Я даже вздрогнула и чуть не выронила мочалку — и от того, что она посмела заговорить по-английски, и от того, о чем она спросила. Мне первый раз задали вопрос, ставший впоследствии таким привычным. Я всегда удивлялась: неужели это так важно, что люди пренебрегали всеми правилами хорошего тона, чтобы узнать, такие ли у меня ноги. Может быть, если бы они были такие, я бы меньше смущалась. Но поскольку я не унаследовала ног Дитрих, меня эти вопросы приводили в замешательство. Прошло немало лет, прежде чем я перестала чувствовать себя виноватой, давая отрицательный ответ. Бывали даже случаи, что люди приподнимали мою юбку. Интересно было наблюдать их реакцию — удовольствие или разочарование, — когда они наконец удовлетворяли свое любопытство. Я решила держаться подальше от Сероглазки, что, похоже, устраивало нас обеих. Третьей соседкой по комнате в этом семестре была индийская принцесса, хрупкая, как только что появившаяся на свет бабочка, и такая же хорошенькая. Она много улыбалась, порхала на бесшумных ножках, но не навязывала свое общество.

Мамины звонки держали меня в курсе ее новостей. Селзник предложил нашему Рыцарю ведущую роль в большом боевике. Моей матери пришлось убеждать его взяться за нее, потому что актер явно стеснялся играть героя, размахивающего ножом. Когда же он принял предложение, она стала обучать его «анти-селзниковской» тактике. Он должен знать, как вести себя «с этим ужасным человеком, который только и делает, что пишет длиннейшие указания — целые тома указаний».

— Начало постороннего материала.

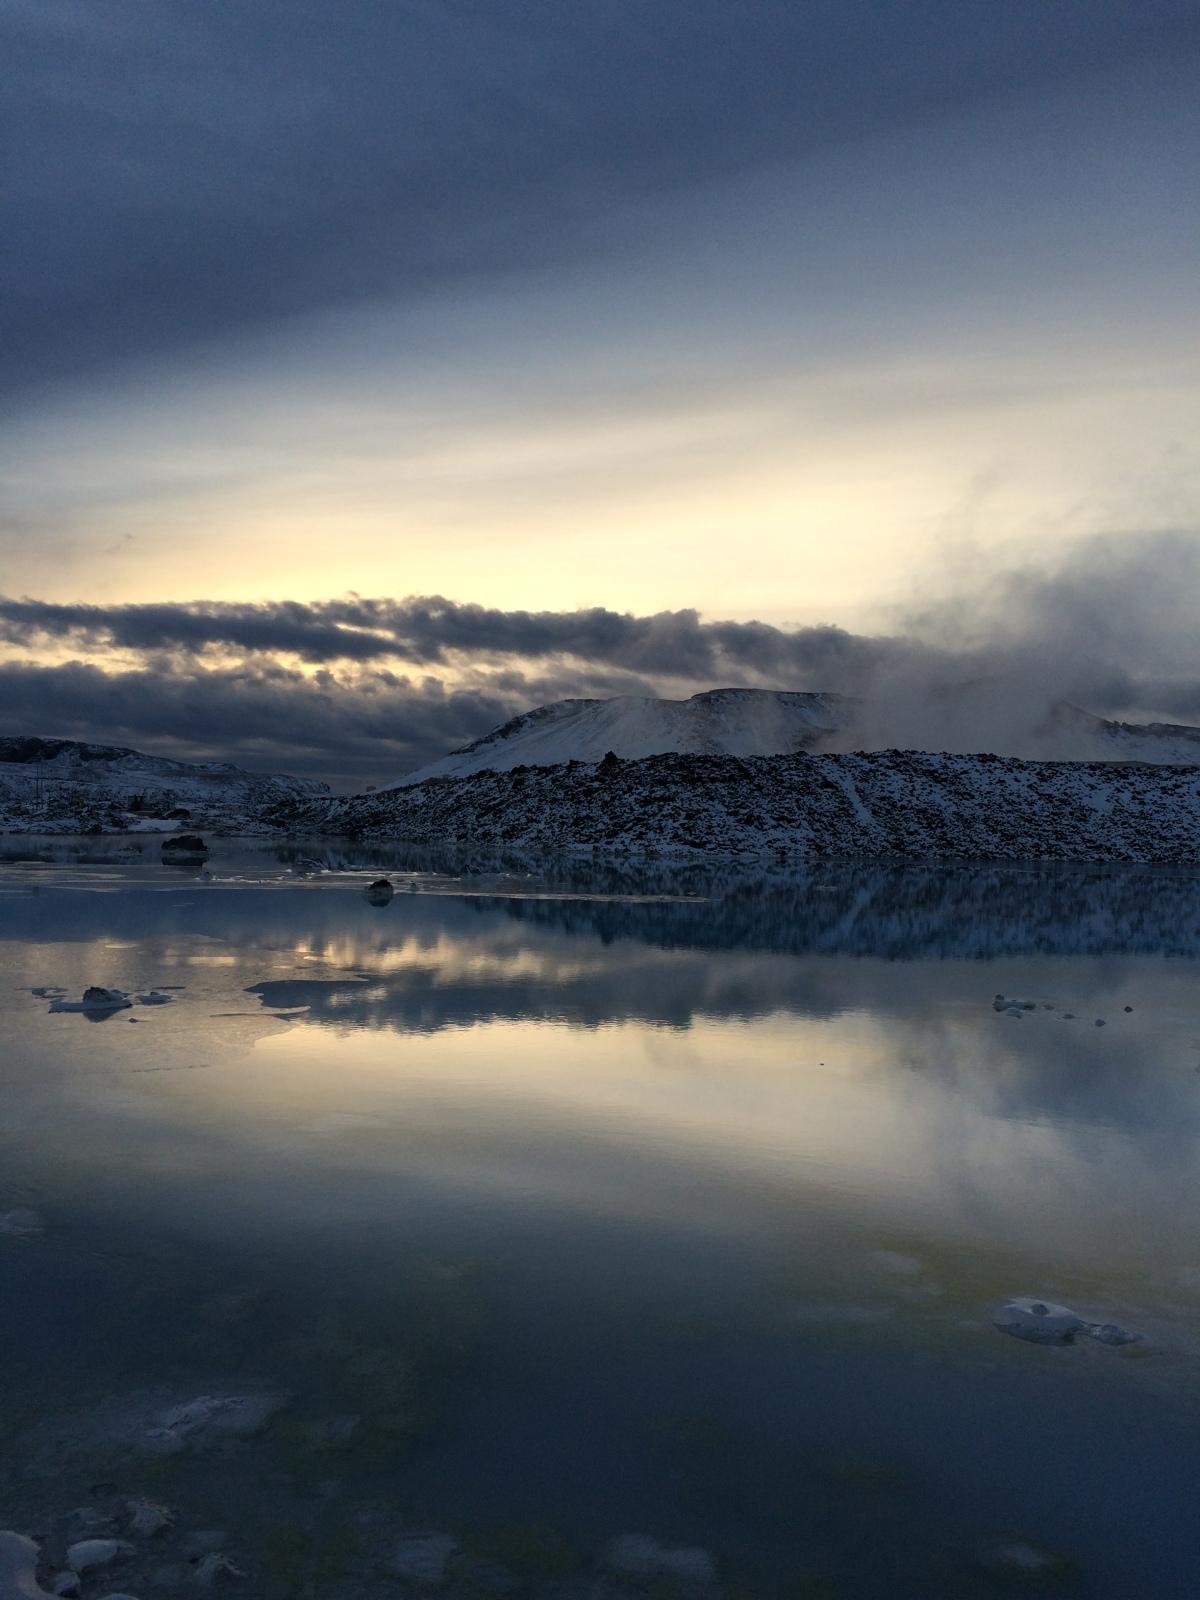 Ég elska Ísland- An Icelandicessay

Любич готовился снимать с ней новый фильм, в котором на сей раз выступал и режиссером. Названия еще не придумали, но это должно быть «что-то про жену титулованного англичанина, которая влюбляется в кого-то в парижском борделе, выдает себя за другую, пока они все наконец не встречаются и не выясняют, кто есть кто» Предполагается, что это будет весьма смелая комедия, сказала она и добавила:

— Может получиться настоящая картина с «любичской изюминкой», если, конечно, он не впадет в слащавость или вульгарность.

Так как графиня ди Фрассо все еще в Италии, можно будет жить в нашем любимом доме, и — «правда, смешное совпадение?» — наш Рыцарь снял себе особняк на той же улице.

Моя мать сумела взять меня из школы пораньше, и я приехала в Париж как раз к началу паковки чемоданов. Тами уже вернулась, я с такой радостью обняла ее и вдруг увидела, что она плачет. Папа составлял списки и помечал ключи. Тами складывала шарфы, я — обувь. Мама напихивала в шляпы бумагу для сохранения формы. Она была в хорошем настроении и все время говорила:

— Папуля, помнишь, я тебе говорила, как мне понравилась Колетт? А ты видел, что она написала про «Сад Аллаха», про мои слишком красные губы? Ужасно! Зачем такой великой писательнице писать рецензии на фильмы? Грэм Грин тоже написал. Говорит, что наша пустыня похожа на дырки в швейцарском сыре! Правда, как писатель он не дотягивает до Колетт, — наверное, нуждался в деньгах.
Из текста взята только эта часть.